Galen Garretson's early track record with knives wasn't great.

At age 5, the future chef fell while holding his open pocket knife and gashed the side of his head. (The scab's still there.) The next year, he cut one of his fingerprints clean off. 

But his parents kept buying him knives and Garretson, who started working in restaurants at 16, eventually got the hang of it. In the kitchen of the vaunted Quince in San Francisco, his last kitchen job, "everyone had these really nice Japanese knives, but my Wusthof was always sharper than everybody else's."

He noticed something else. "They were talking about having to buy new knives every six months, and I was like, ‘There’s gotta be more to it than that.’ ”

That “more” is Town Cutler, Garretson's six-year-old San Francisco knife shop, which soon will have a sister location in the West Loop. He aims to open at 1116 West Madison Street the week after Labor Day.

The 1,250-square-foot shop will sell the stuff of chefs' and knife nerds' dreams: custom-made blades with luxurious handles carved of California buckeye burl and African snakewood, hard-to-find Japanese knives, handmade leather scabbards and canvas knife wraps, and sharpening stones. Same-day sharpening is $1 an inch.

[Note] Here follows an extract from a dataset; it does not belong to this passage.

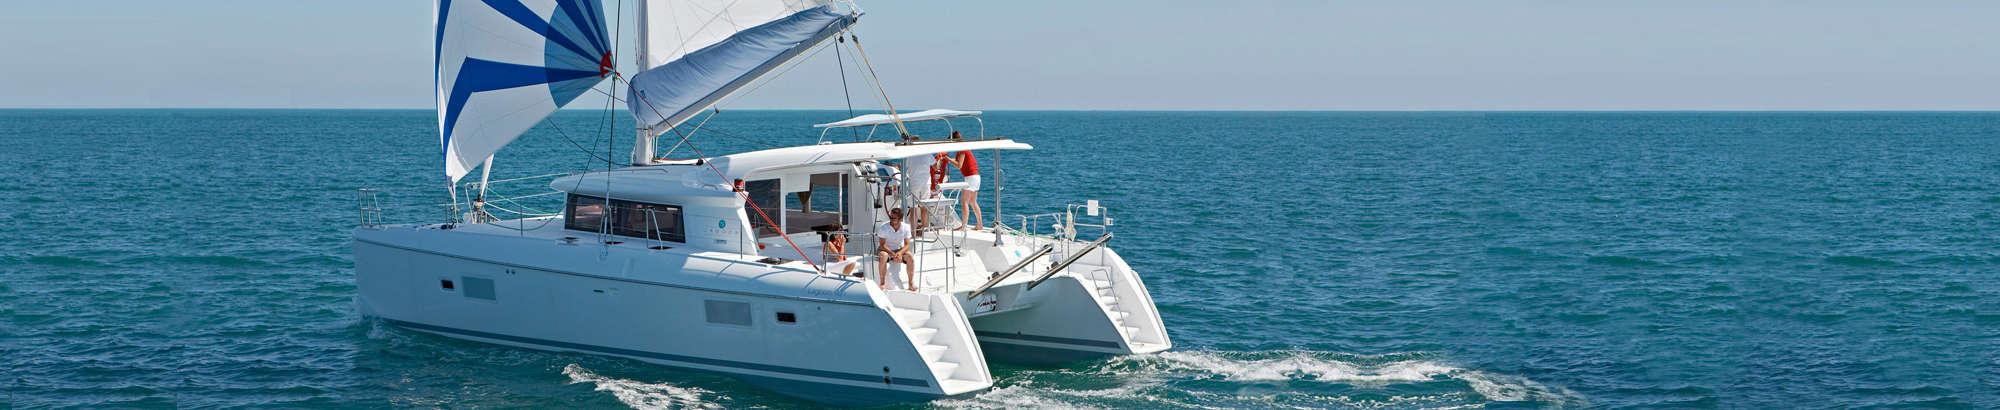 onway location croisi re en voilier et catamaran. Black Bedroom Furniture Sets. Home Design Ideas

The store is less than a mile from Northwestern Cutlery on Lake Street, long a resource for restaurant industry folks and culinary students. But Garretson sees the two as complementary. "They have more small wares for the kitchen, where we're more knife-focused," he says.

Town Cutler will be the only place to find chef knives made by master bladesmith Aaron Wilburn. Starting at $2,000, they’re the priciest items. Most chef knives will average $250 to $350; on the low end, you might score a $130 blade.

Town Cutler's own line of carbon and stainless steel knives, made in its Oakland warehouse, borrows from both the Japanese and European styles, sharpening at a lower angle—and staying sharper—than others.

"It's got the thinness of Japanese knives, the durability of European knives, and the hardness of Japanese steel," Garretson says.

A custom-made chef’s knife—you choose the size, weight, and handle material—will start at $340 and take about three weeks to make and ship.

Educating customers on why any knife costs $340, and how to care for it, is part of Town Cutler’s mission, hence sharpening classes and the shop's interactive focal point: a brick wall lined with two long magnetic strips that will hold roughly 500 knives.

Pluck a knife from the wall—well, ask first!—and they'll raise the protective plastic shield fronting the display so you can handle it at a center work table.

Garretson, 32, has had his eye on opening in Chicago for three years. It's the home of Horween Leather, the 112-year-old tannery whose scraps he uses in his knife rolls. His girlfriend, Heather Smith, grew up and has family here. Beyond that, says Garretson, it feels right.

"It's a city I've always loved. It's big in the food industry. And there's really only one knife store, so I've seen a massive gap," he says.

Three Unique Knives You Can Find at Town Cutler

Garretson doesn’t have just one favorite knife. Here are three more interesting ones Town Cutler sells.

Town Cutler Hankotsu boning knife ($280)

"It's a Japanese blade with American influences. It's one of my favorites for butchery."

Takeda Sasanoha Gyuto chef knife ($380)

Long and narrow, good for precision cutting. "It's like a chef-slicer combo."

Aaron Wilburn Feather Damascus chef knife ($2,400)

Forged from hundreds—yes, hundreds—of layers of two types of steel, "like making puff pastry."